‘Think until your head hurts’

As part of Forest School’s ongoing commitment to staff development and advancement in education, we were pleased to welcome journalist, Times columnist, and Chair of the Times Education Commission, Rachel Sylvester, to speak at today’s whole School InSET.

Set up last year at the the suggestion of Sir Anthony Seldon, and supported by a team of 22 commissioners with successful backgrounds across business, education, government, science, and the arts, its purpose was to examine Britain’s whole education system against the back-drop of the pandemic, declining social mobility, new technology, and the changing nature of work.

Over the course of a year and with the support of researchers and analysts from PwC, areas including the curriculum, assessment, wellbeing and mental health, technology, teaching, social mobility, SEND, and higher education were questioned and rethought, whilst other countries were visited to see what they did differently or better.

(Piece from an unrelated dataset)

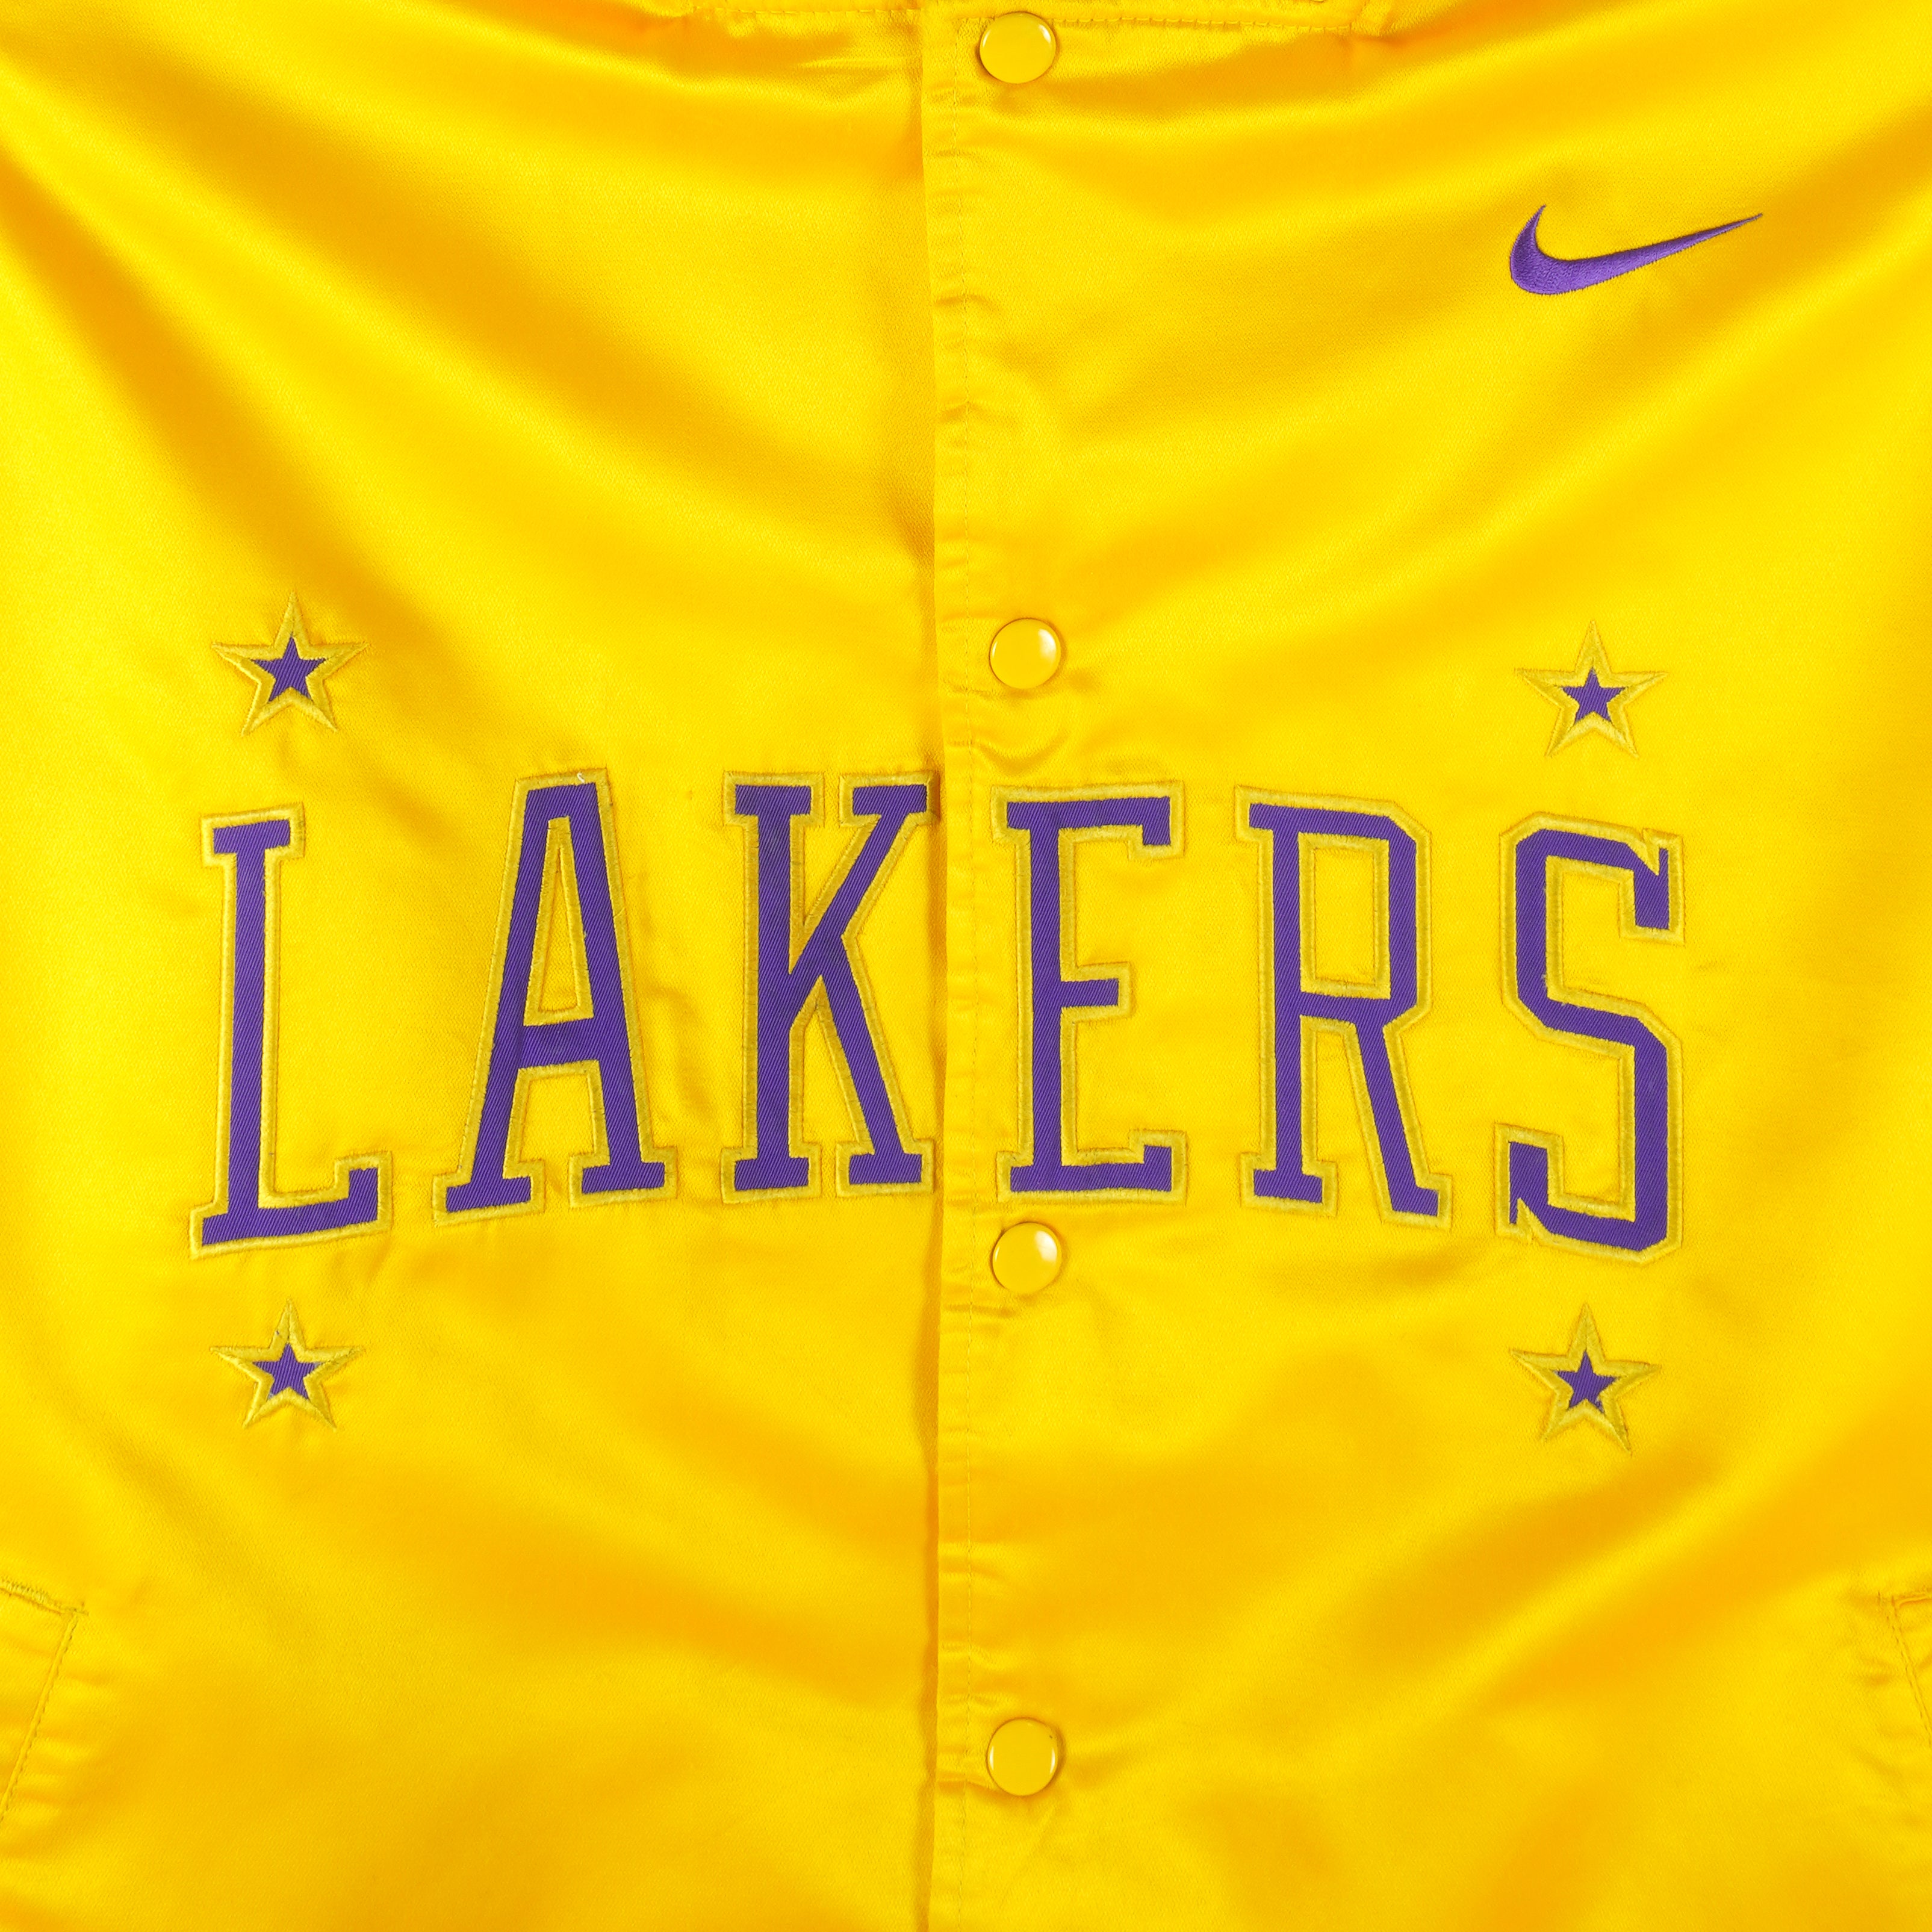 Vintage Los Angeles Lakers NBA satin bomber jacket. Tagged as a

Mentioning Classicist Mary Beard’s quote ‘Think until your head hurts’ was a reminder for us that education seems to becoming increasingly distant from learning, with students even at degree level asking what they need to do to achieve a First, reducing the process to a tick-box exercise, and not the intellectual curiosity that is increasingly desirable in a world that is becoming more reliant on AI, technology and robotics. Simply, we need creativity now more than ever.

We’d like to say thank you to Rachel for a very thorough and interesting session, hi-lighting the challenges ahead for Forest as we keep striding forward in education, and reminding us that we have educationally exciting times ahead here at School.